*What you are asked to do*: Exact transcription of the data below is required, without the images.

*Recorded information*:
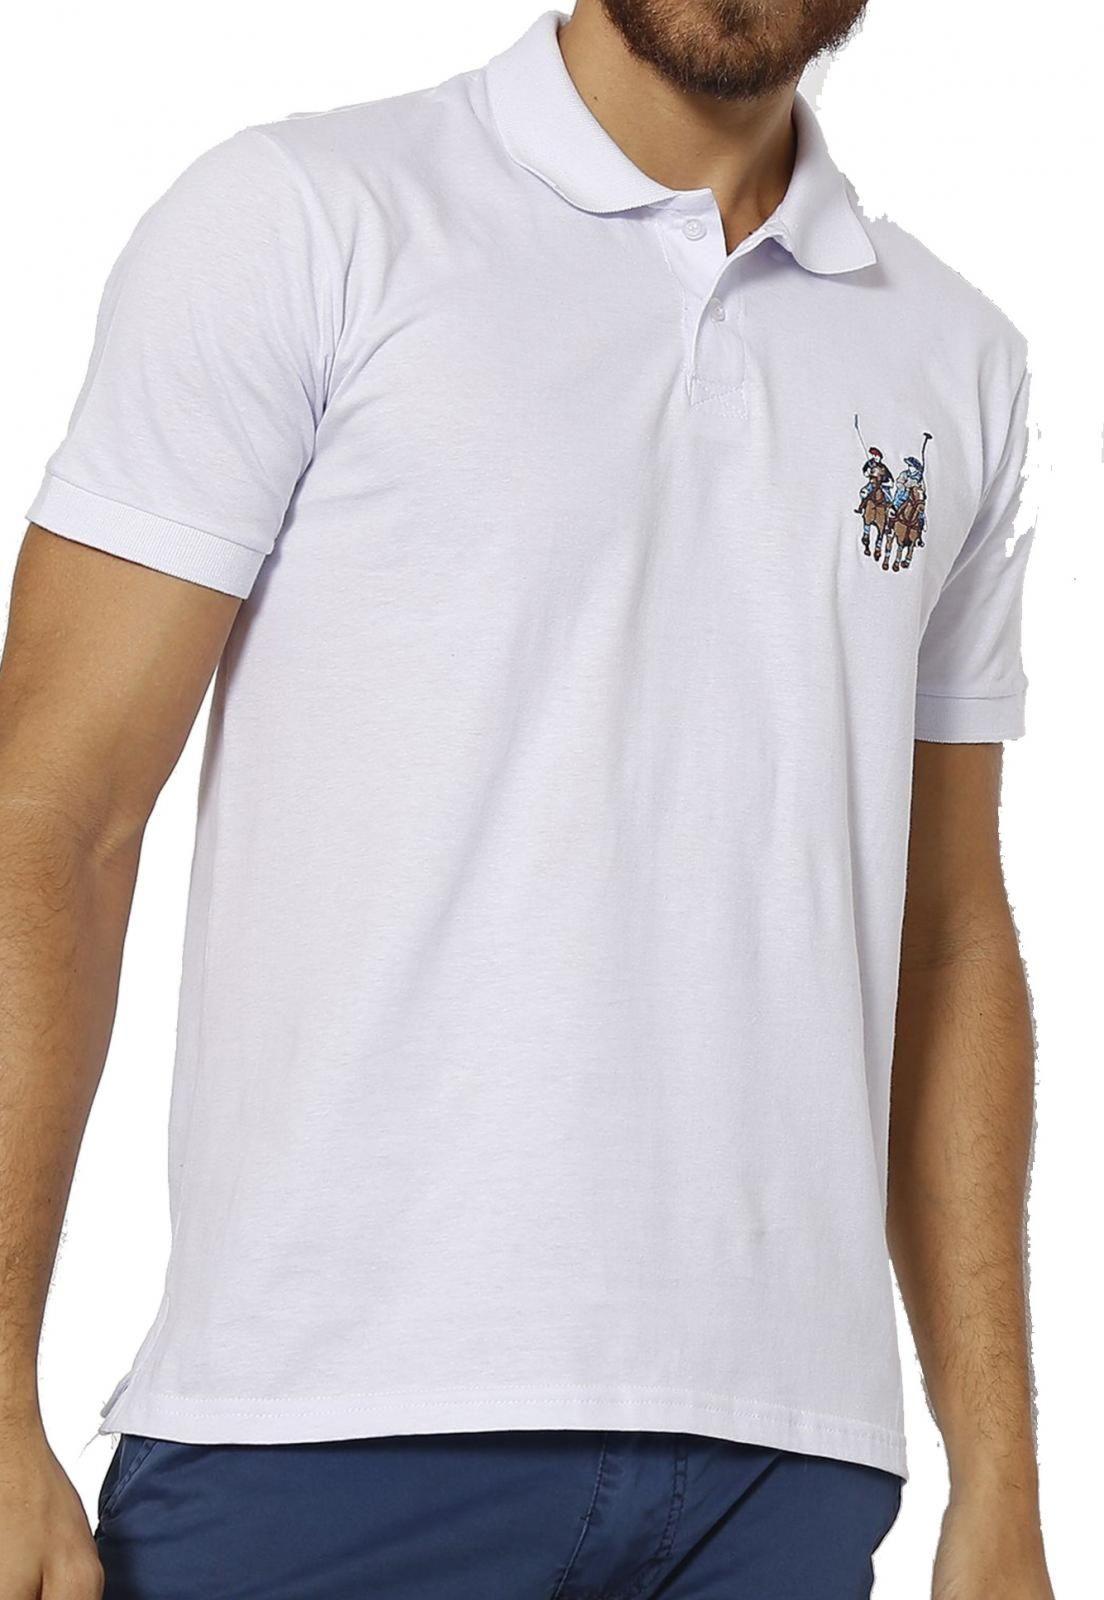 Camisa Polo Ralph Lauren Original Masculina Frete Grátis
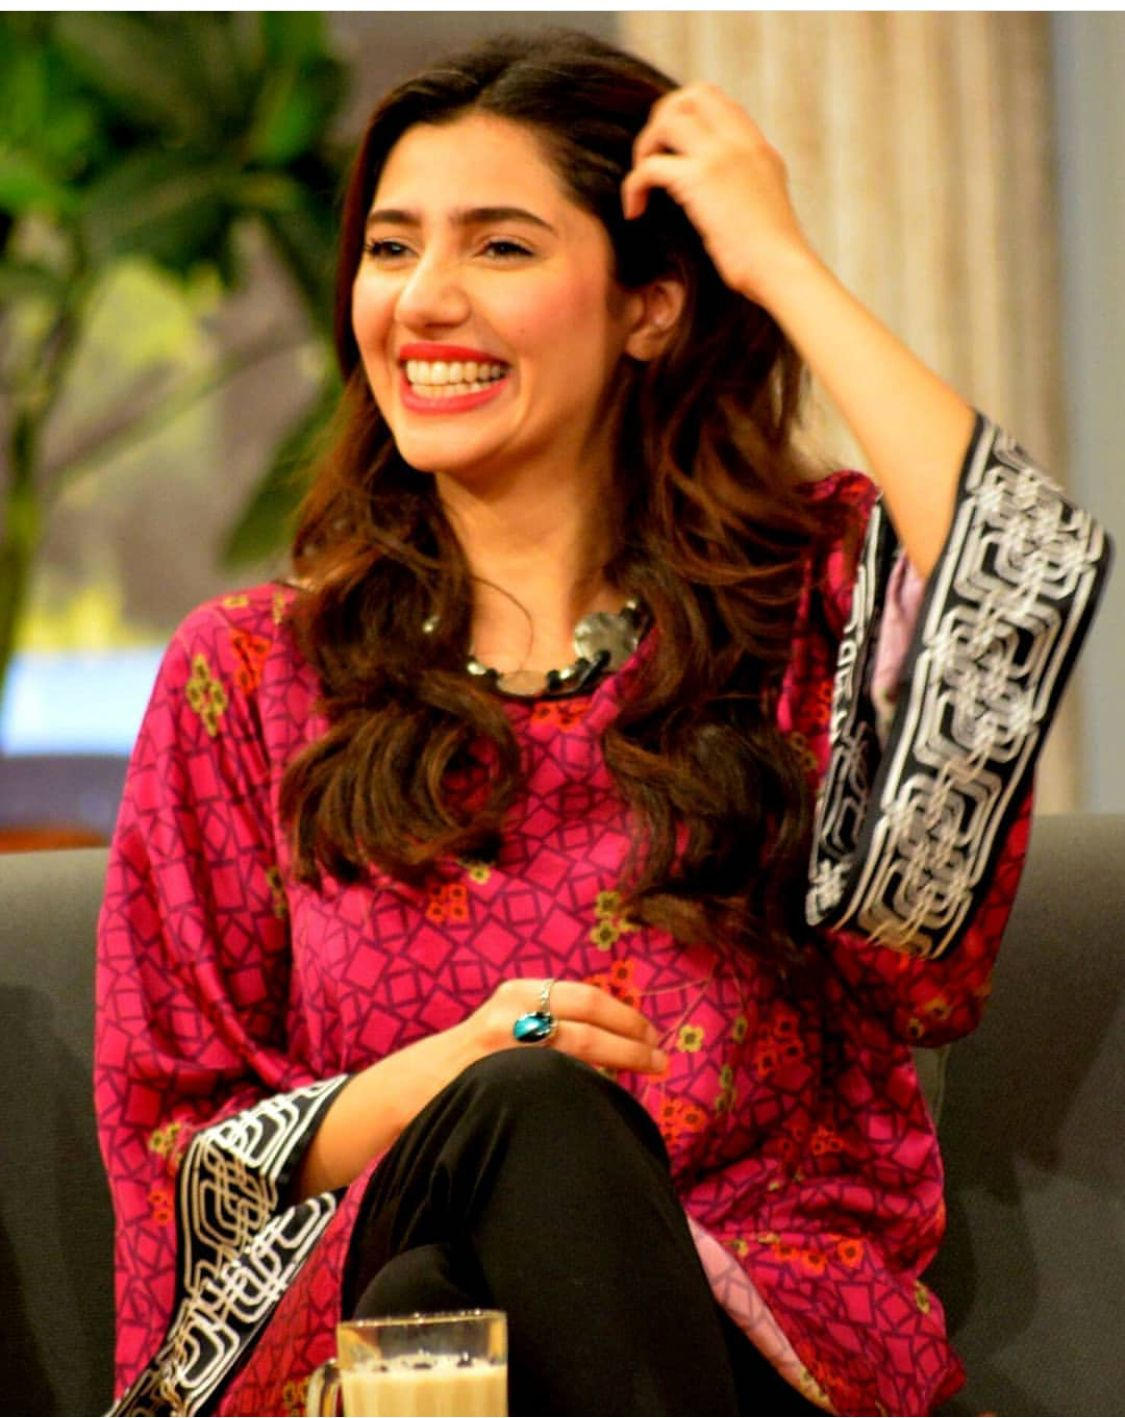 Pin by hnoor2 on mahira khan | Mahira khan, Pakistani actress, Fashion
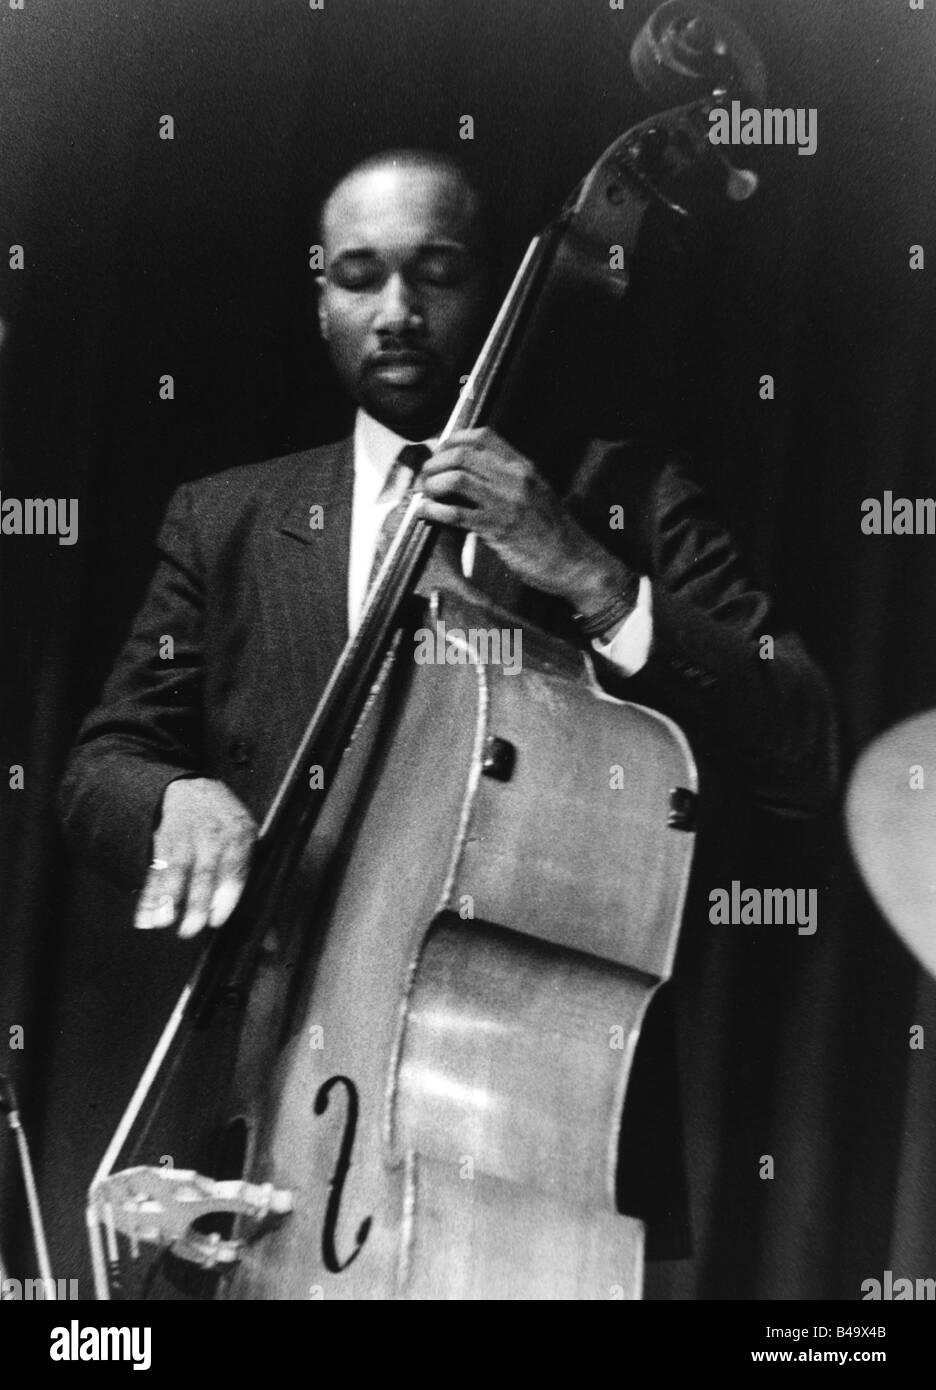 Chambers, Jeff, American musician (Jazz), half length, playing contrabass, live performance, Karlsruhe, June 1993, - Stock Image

*Finished task*:
 Camisa Polo Ralph Lauren Original Masculina Frete Grátis
 Pin by hnoor2 on mahira khan | Mahira khan, Pakistani actress, Fashion
 Chambers, Jeff, American musician (Jazz), half length, playing contrabass, live performance, Karlsruhe, June 1993, - Stock Image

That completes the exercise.